Without including any images, repeat the listing below exactly.

* [AVAILABLE DATA]

:::

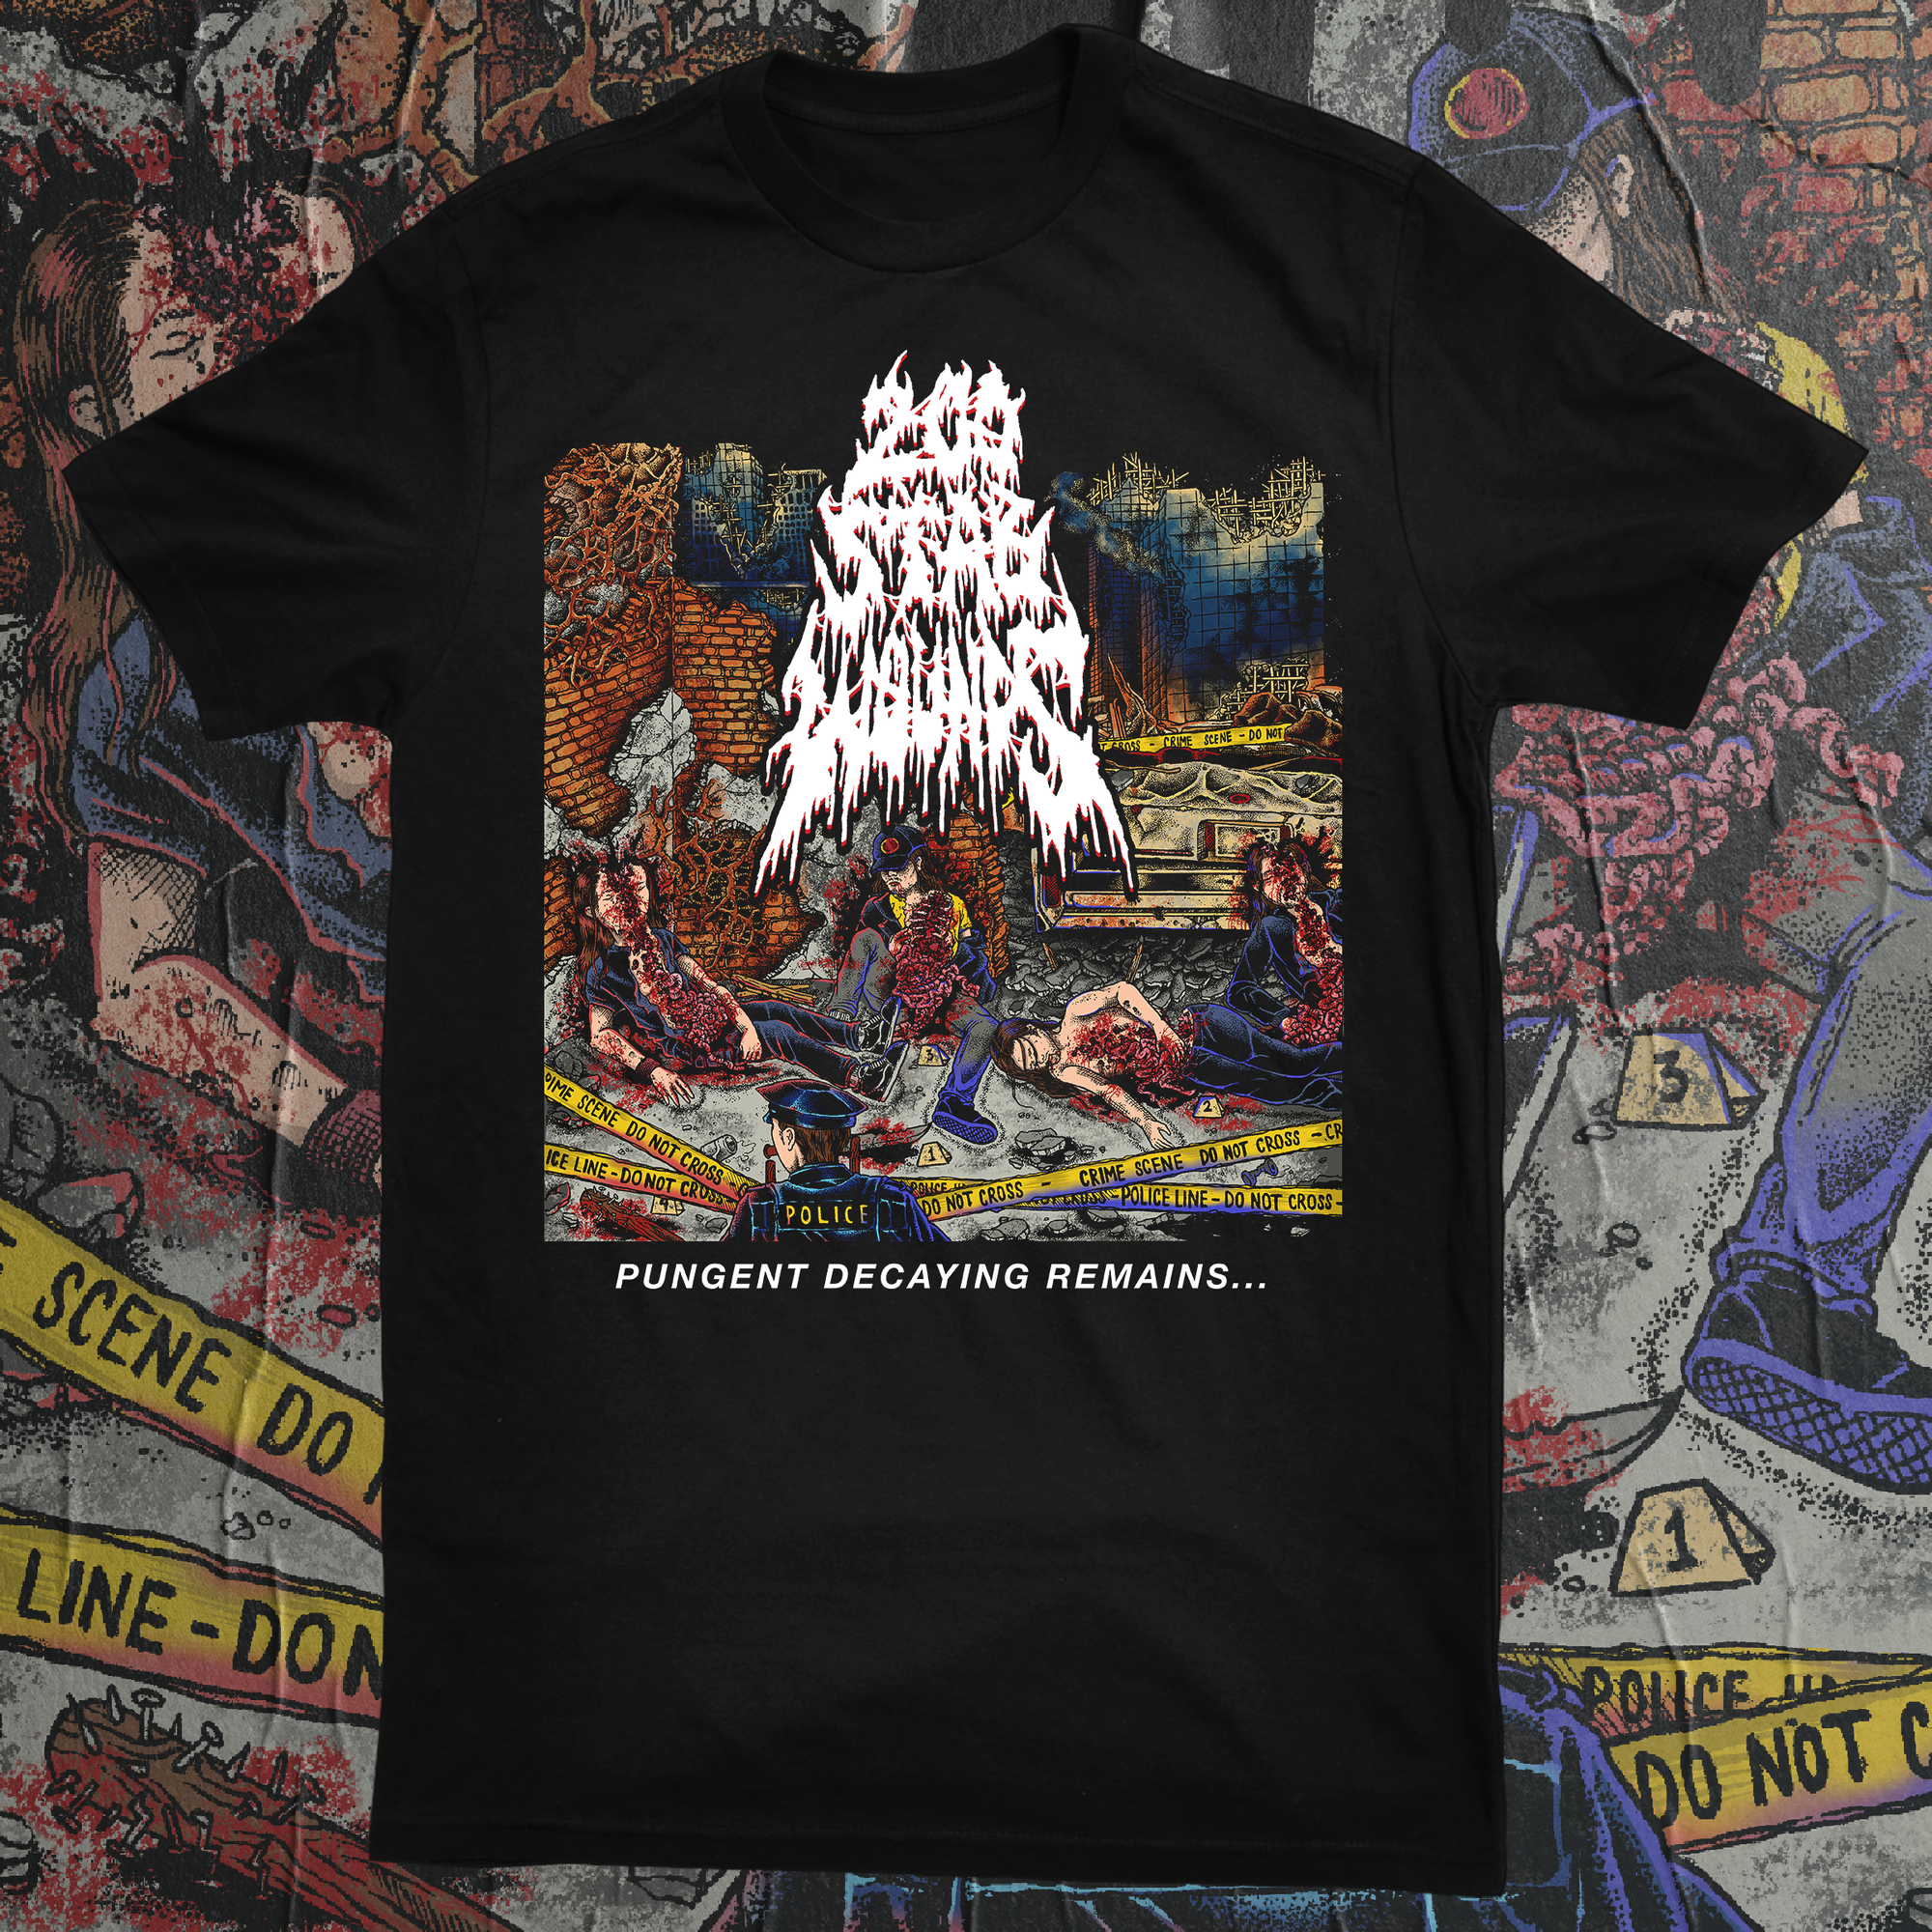 200 STAB WOUNDS "PUNGENT DECAYING REMAINS" SHIRT (PRE-ORDER)
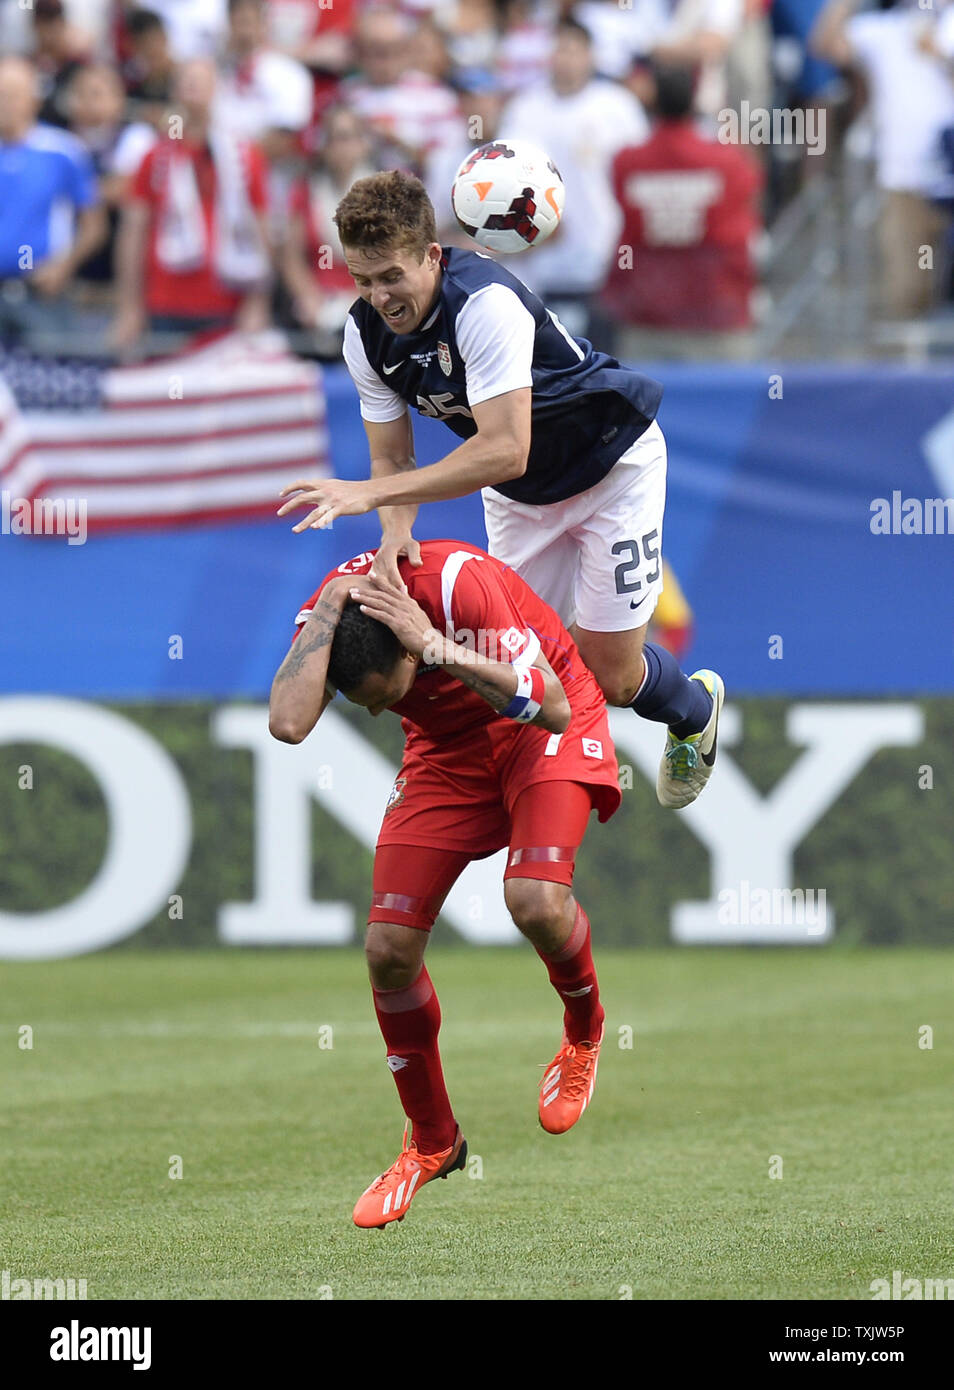 Panama forward Blas Perez (L) and United States defender Matt Besler go for the ball during the second half of the 2013 CONCACAF Gold Cup Final at Soldier Field in Chicago on July 28, 2013. The United States won 1-0.     UPI/Brian Kersey Stock Photo
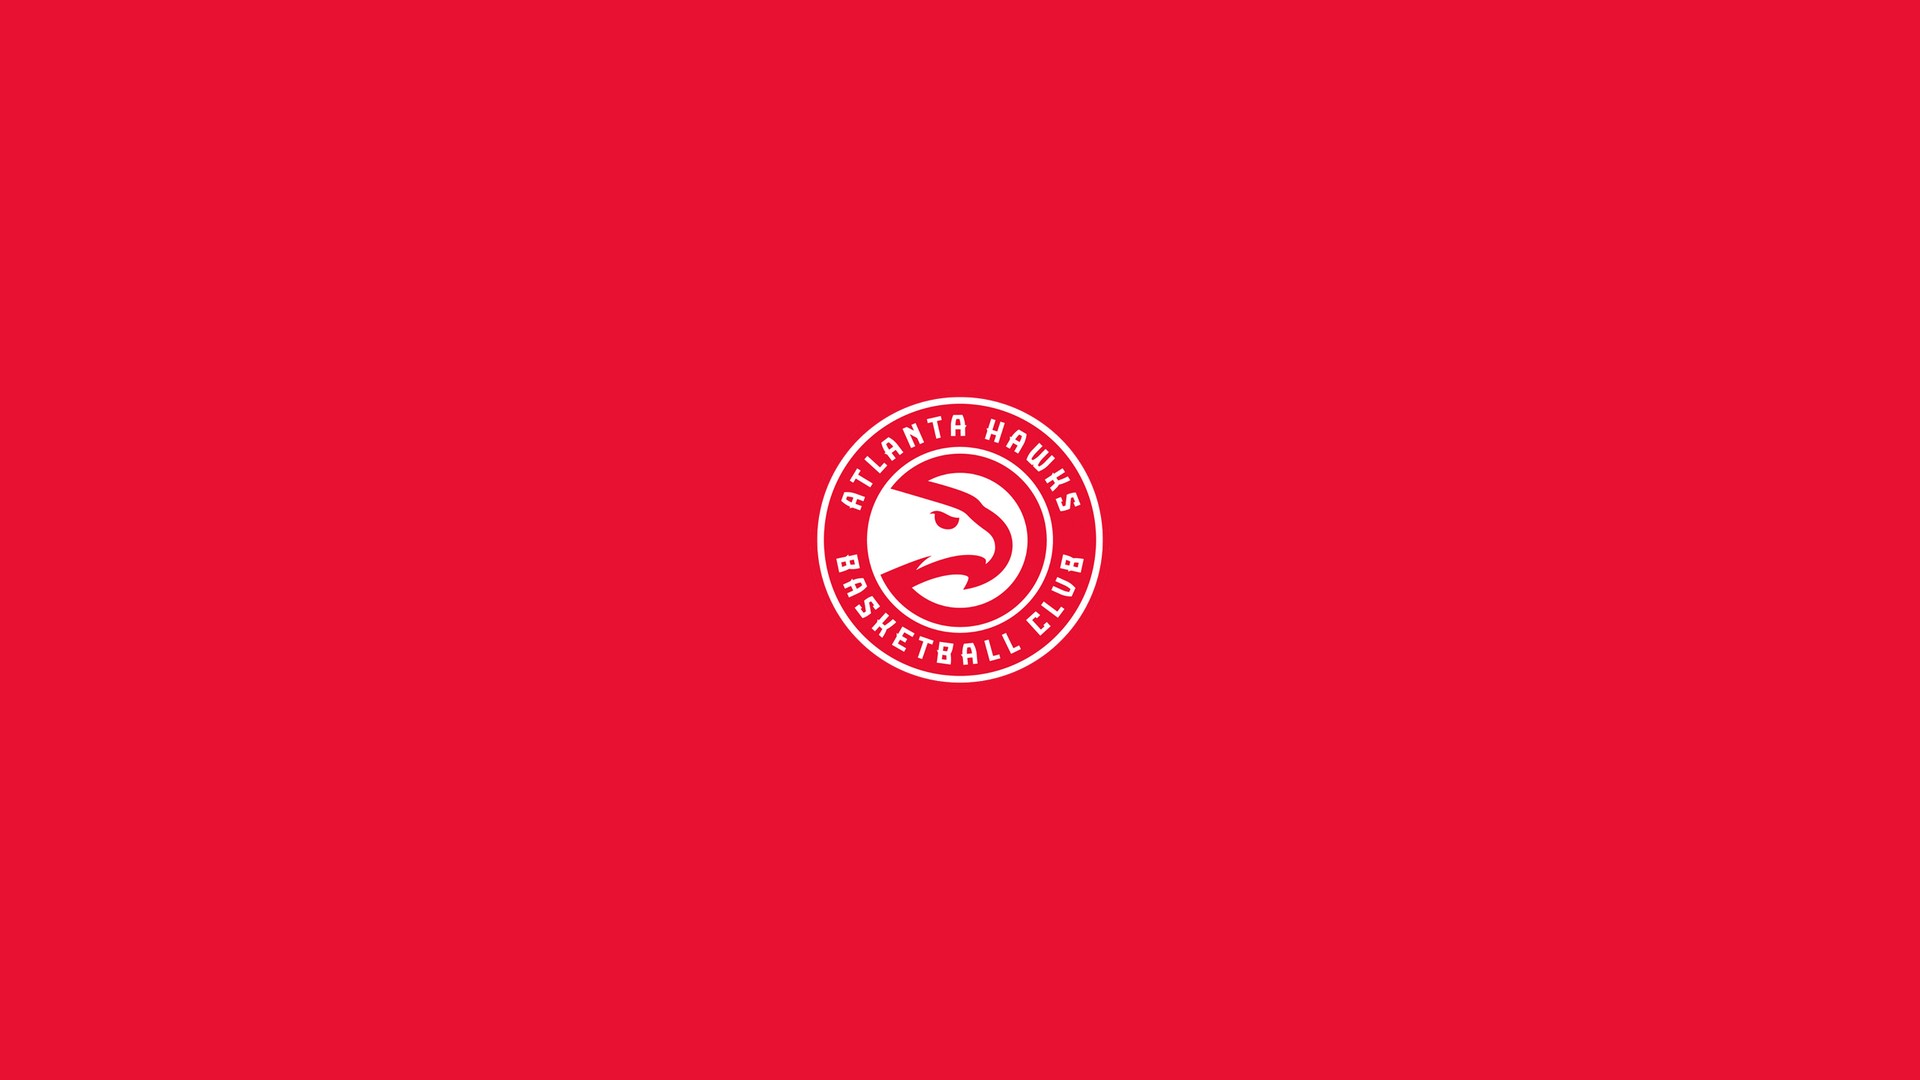 Backgrounds Atlanta Hawks HD with image dimensions 1920x1080 pixel. You can make this wallpaper for your Desktop Computer Backgrounds, Windows or Mac Screensavers, iPhone Lock screen, Tablet or Android and another Mobile Phone device

:::

* [SOLUTION TO THIS PROBLEM]
 200 STAB WOUNDS "PUNGENT DECAYING REMAINS" SHIRT (PRE-ORDER)
 Panama forward Blas Perez (L) and United States defender Matt Besler go for the ball during the second half of the 2013 CONCACAF Gold Cup Final at Soldier Field in Chicago on July 28, 2013. The United States won 1-0.     UPI/Brian Kersey Stock Photo
 Backgrounds Atlanta Hawks HD with image dimensions 1920x1080 pixel. You can make this wallpaper for your Desktop Computer Backgrounds, Windows or Mac Screensavers, iPhone Lock screen, Tablet or Android and another Mobile Phone device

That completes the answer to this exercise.